Particulièrement révélateur : le « non-respect des engagements initiaux, comme l’adoption d’un code d’éthique, et l’absence de transparence autour des allocations financières destinées aux conseillers présidentiels ». Frinel Joseph révèle même avoir proposé « une note publique de clarification pour couper court aux rumeurs circulant dans les médias et sur les réseaux sociaux » qui « n’a jamais été publiée ».

Cette opacité financière ne peut que rappeler aux Haïtiens les scandales de corruption qui ont émaillé l’histoire politique du pays, du dossier PetroCaribe aux détournements de l’aide internationale après le séisme de 2010.

La présidence tournante : une fausse bonne idée ?

L’une des critiques les plus acerbes de Frinel Joseph concerne « la décision du Conseil d’instaurer une présidence tournante, qu’il considère contraire à l’esprit de l’accord du 3 avril ». Selon lui, ce mécanisme censé assurer l’équilibre entre les différents secteurs a en réalité « installé un climat de suspicion et fragilisé la continuité des responsabilités ».

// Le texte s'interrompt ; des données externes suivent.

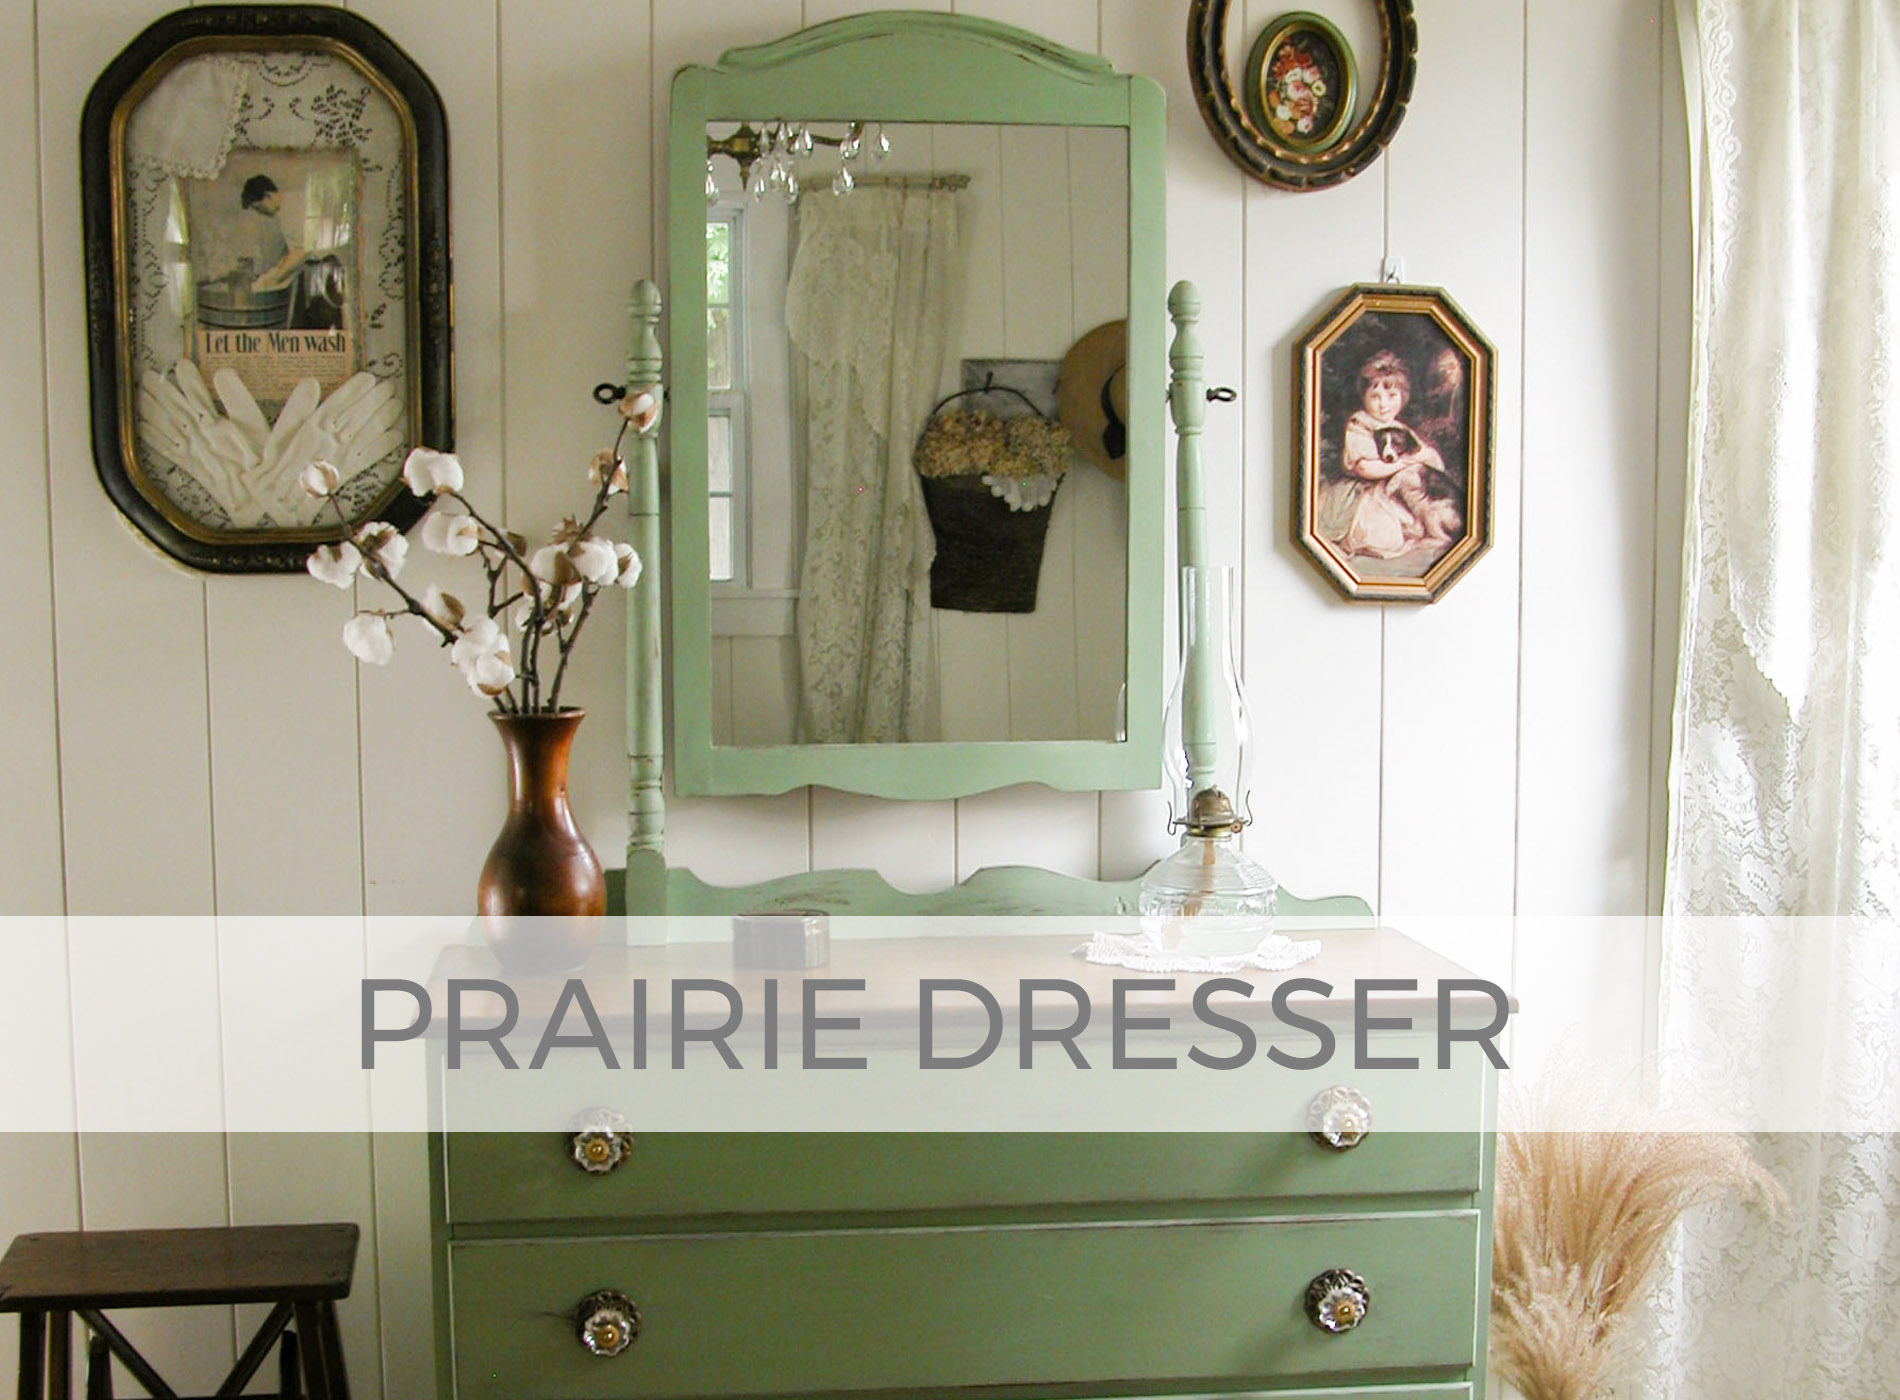 80's Dresser gets Prairie Charm by Larissa of Prodigal Pieces | prodigalpieces.com

Les faits lui donnent raison : trois personnalités se sont succédé à la tête du CPT (Edgard Leblanc Fils, Leslie Voltaire, et actuellement Fritz Alphonse Jean), créant une instabilité permanente. « Ce système de rotation engendre des problèmes à chaque transition, et accentue la méfiance », dénonce-t-il.

Quelques avancées dans un océan de difficultés

Malgré ce tableau sombre, Frinel Joseph reconnaît quelques avancées : l’installation du gouvernement dirigé par Alix Didier Fils-Aimé en novembre 2024 (après le passage éphémère de Garry Conille), la mise en place du Conseil électoral provisoire et l’élaboration d’un projet de Constitution. Mais ces réalisations pèsent peu face aux enjeux majeurs non résolus.

Pour les Haïtiens qui ont vécu l’espoir des changements de gouvernement depuis des décennies, ces « avancées » peuvent sembler dérisoires face à l’insécurité grandissante et à la détérioration des conditions de vie.

Quatre solutions pour sortir de l’impasse

Frinel Joseph ne se contente pas de critiquer : il propose quatre recommandations concrètes pour sauver la transition. D’abord, organiser « une retraite d’urgence » pour apaiser les tensions internes et clarifier les priorités. Ensuite, « renouer le dialogue avec les forces vives de la nation » dans une démarche inclusive.

Il insiste également sur la nécessité d’une « communication régulière avec la population haïtienne » pour rétablir la confiance publique. Enfin, il exhorte ses collègues à convoquer rapidement un Conseil des ministres pour adopter un décret référendaire indispensable aux travaux du Conseil électoral provisoire.

Ces propositions, bien que sensées, peuvent sembler modestes face à l’ampleur de la crise. Mais elles ont le mérite d’être réalistes et réalisables rapidement.

L’urgence d’une prise de conscience

« Nous devons retrouver le sens de notre mission et faire preuve de courage politique », lance Frinel Joseph, qui se dit prêt à continuer son rôle de facilitateur malgré les frustrations. Sa conclusion est un appel vibrant : « J’espère que cette note provoquera une prise de conscience collective. L’avenir de la transition et celui du pays en dépendent. »

À huit mois de la fin de son mandat, le CPT se trouve à la croisée des chemins. Cette lettre-choc de Frinel Joseph résonne comme un ultimatum : sauver ce qui peut encore l’être de cette transition ou accepter un nouveau cycle d’instabilité. Pour les millions d’Haïtiens qui aspirent à la stabilité et à la démocratie, l’heure n’est plus aux tergiversations. Reste à savoir si les autres membres du CPT entendront cet appel au sursaut avant qu’il ne soit trop tard.